I'm learning myself Golang, and I'm a bit confused about parallelism and how it is implemented in Golang.
Given the following example:
package main
import (
"fmt"
"sync"
"math/rand"
"time"
)
const (
workers = 1
rand_count = 5000000
)
func start_rand(ch chan int) {
defer close(ch)
var wg sync.WaitGroup
wg.Add(workers)
rand_routine := func(counter int) {
defer wg.Done()
for i:=0;i<counter;i++ {
seed := time.Now().UnixNano()
rand.Seed(seed)
ch<-rand.Intn(5000)
}
}
for i:=0; i<workers; i++ {
go rand_routine(rand_count/workers)
}
wg.Wait()
}
func main() {
start_time := time.Now()
mychan := make(chan int, workers)
go start_rand(mychan)
var wg sync.WaitGroup
wg.Add(workers)
work_handler := func() {
defer wg.Done()
for {
v, isOpen := <-mychan
if !isOpen { break }
fmt.Println(v)
}
}
for i:=0;i<workers;i++ {
go work_handler()
}
wg.Wait()
elapsed_time := time.Since(start_time)
fmt.Println("Done",elapsed_time)
}
This piece of code takes about one minute to run on my Macbook. I assumed that increasing the "workers" constants, would launch additional go routines, and since my laptop has multiple cores, would shorten the execution time.
This is not the case however. Increasing the workers does not reduce the execution time.
I was thinking that setting workers to 1, would create 1 goroutine to generate the random numbers, and setting it to 4, would create 4 goroutines. Given the multicore nature of my laptop, I was expecting that 4 workers would run on different cores, and therefore, increae the performance. However, I see increased load on all my cores, even when workers is set to 1. What am I missing here?
Your code has some issues which makes it inherently slow:
rand.New
You could rewrite your program like that. Then you will see some speed gains when you change the number of workers:
package main
import (
"fmt"
"math/rand"
"time"
)
const (
workers = 1
randCount = 5000000
)
var results = [randCount]int{}
func randRoutine(start, counter int, c chan bool) {
r := rand.New(rand.NewSource(time.Now().UnixNano()))
for i := 0; i < counter; i++ {
results[start+i] = r.Intn(5000)
}
c <- true
}
func main() {
startTime := time.Now()
c := make(chan bool)
start := 0
for w := 0; w < workers; w++ {
go randRoutine(start, randCount/workers, c)
start += randCount / workers
}
for i := 0; i < workers; i++ {
<-c
}
elapsedTime := time.Since(startTime)
for _, i := range results {
fmt.Println(i)
}
fmt.Println("Time calulating", elapsedTime)

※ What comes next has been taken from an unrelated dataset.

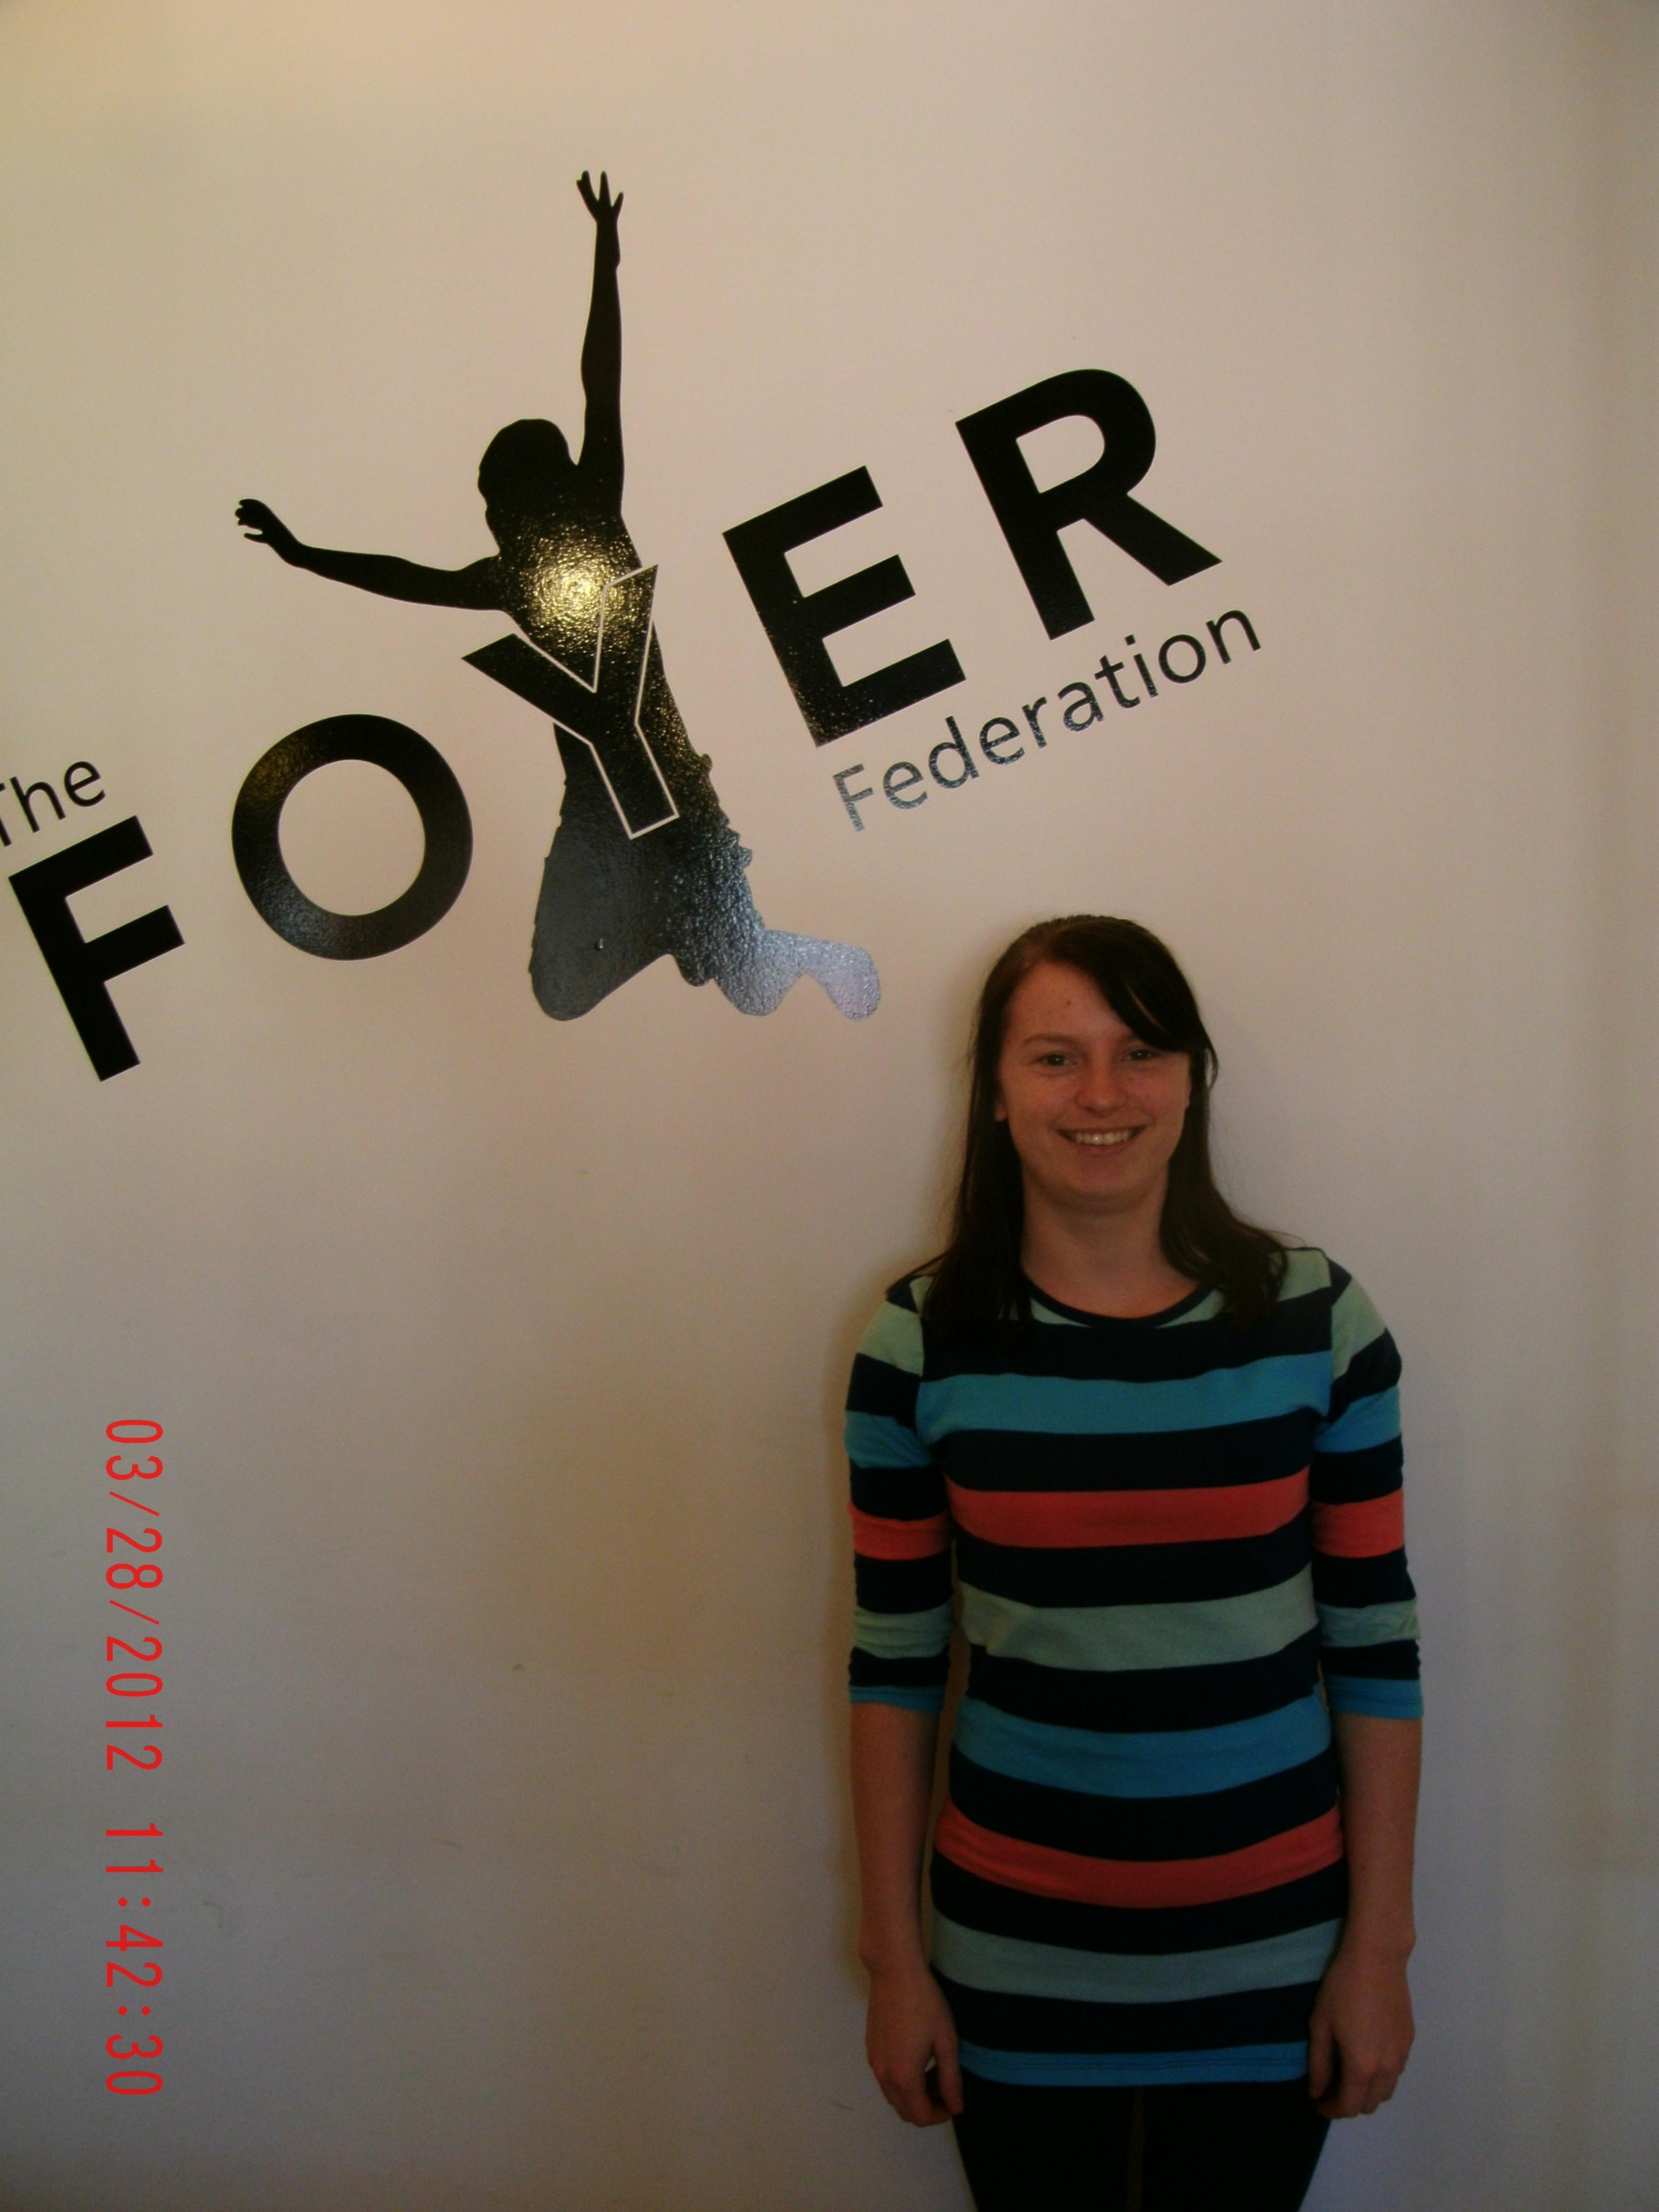 Open Talent Foyer Federation : Medewerkers van de foyer federation en wat ze doen op

elapsedTime = time.Since(startTime)
fmt.Println("Toal time", elapsedTime)
}
This program does a lot of work in a go routine and communicates minimal. Also a different random source is used for each go routine.

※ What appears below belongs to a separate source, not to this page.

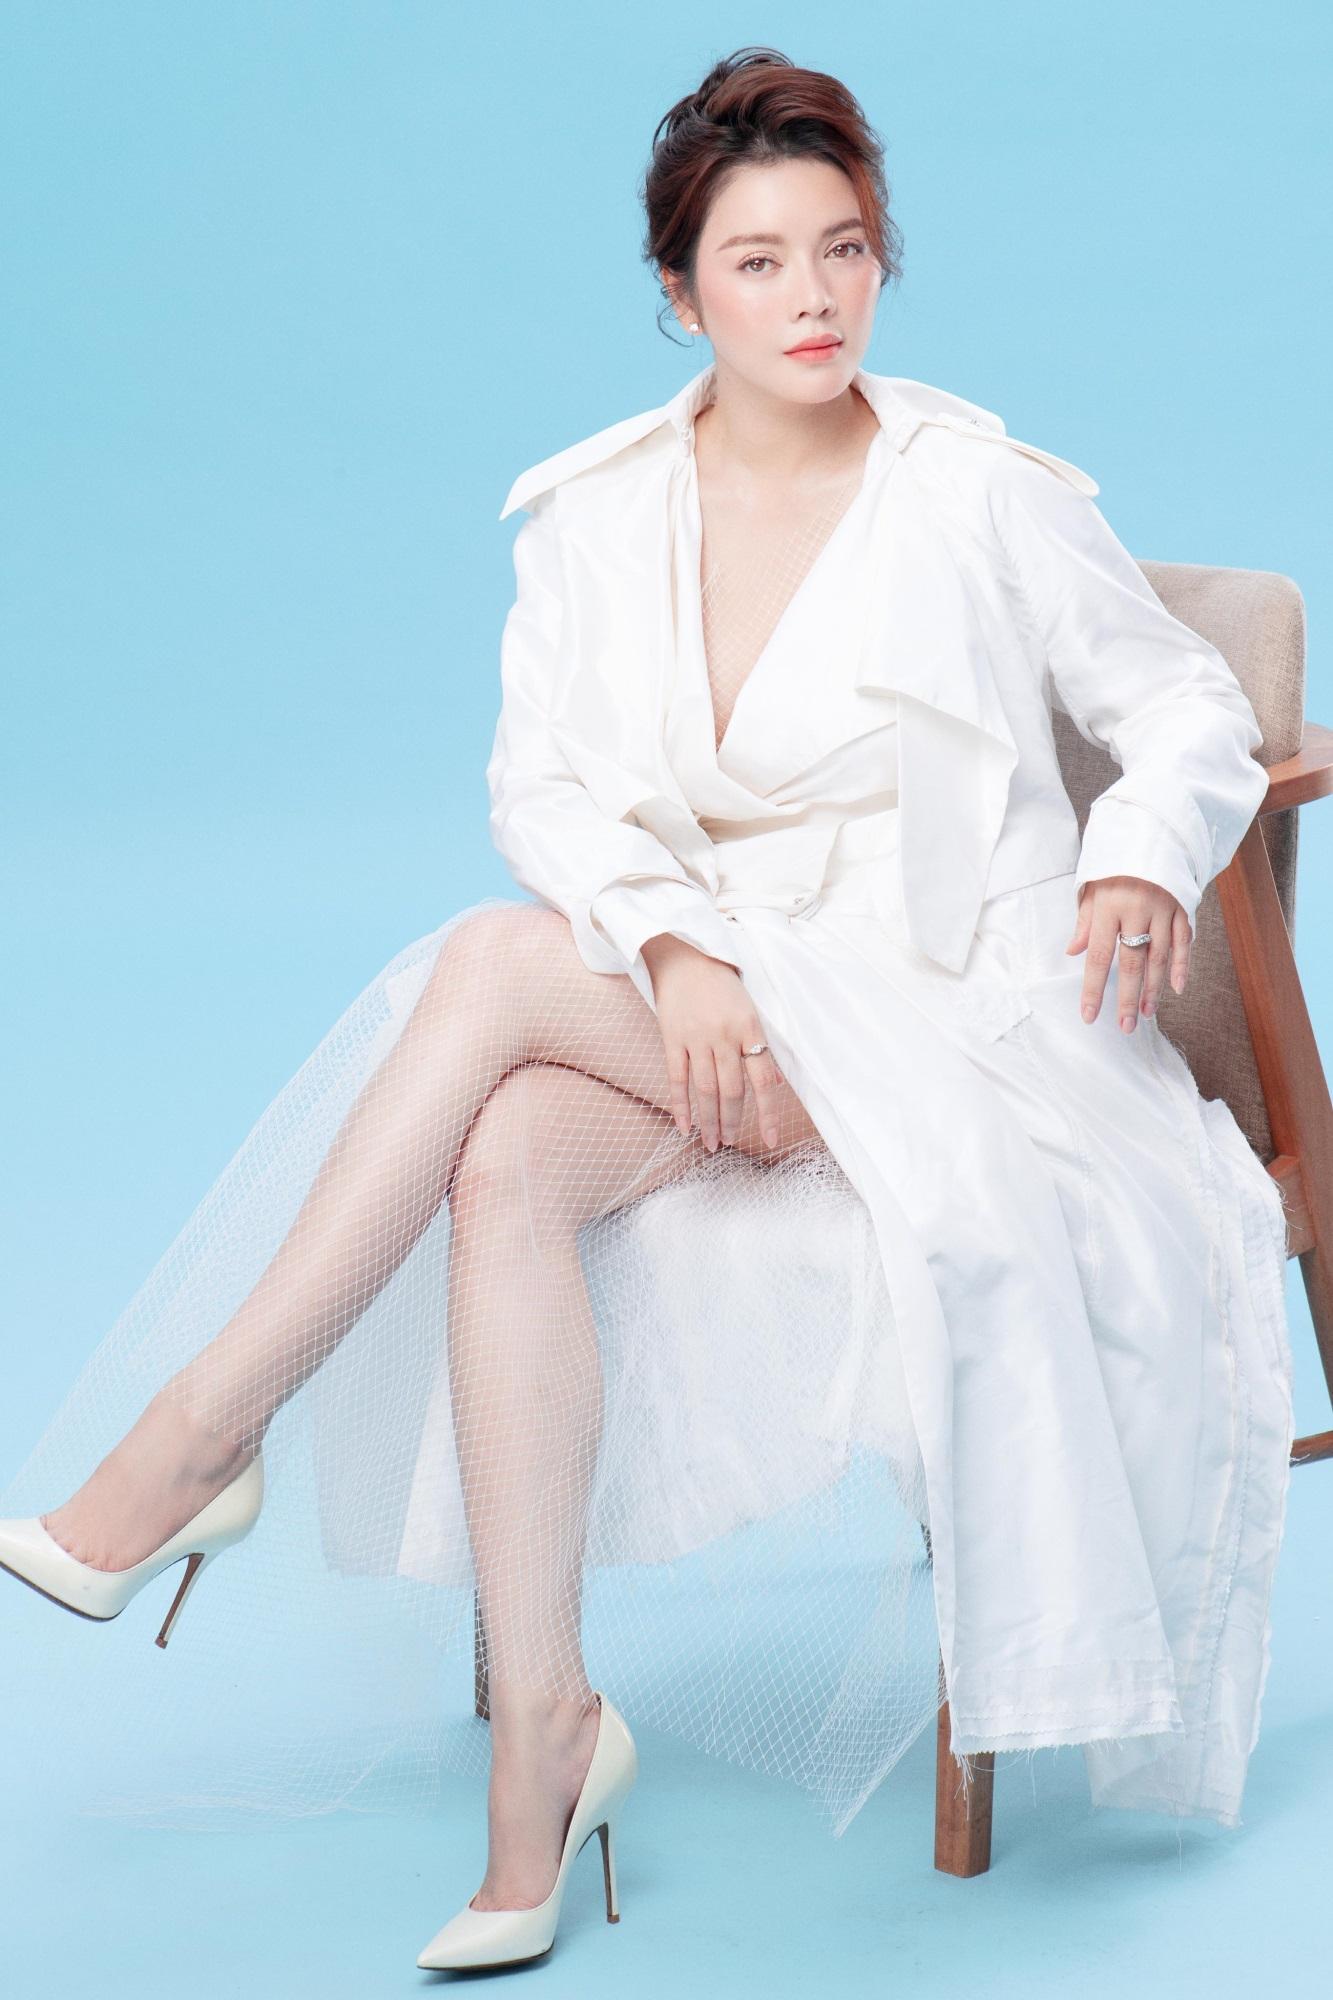 'Nữ hoàng kim cương' Lý Nhã Kỳ khiến fan mê mệt khi diện trang phục xẻ ngực gợi cảm - Ảnh 1

Your code does not have just a single routine, even though you set the workers to 1.
There is 1 goroutine from the call go start_rand(...)
That goroutine creates N (worker) routines with go rand_routine(...)
and waits for them to finish.
Then you also start N (worker) go routines with go work_handler()
Then you also have 1 goroutine that was started by main()
func call.
so: 1 + 2N + 1
routines running for any given N
where N == workers
.
Plus, on top of that, the work that you are doing in the goroutines is pretty cheap (fast to execute). You are just generating random numbers.
If you look at the blocking and scheduler latency profiles of the program:
You can see from both of the images above that most of the time is spent in the concurrency constructs. This suggests there is a lot of contention in your program. While goroutines are cheap, there is still some blocking and synchronisation that needs to be done when sending a value over a channel. This can take a large proportion of the time of the program when the work being done by the producer is very fast / cheap.
To answer your original question, you see load on many cores because you have more than a single goroutine running.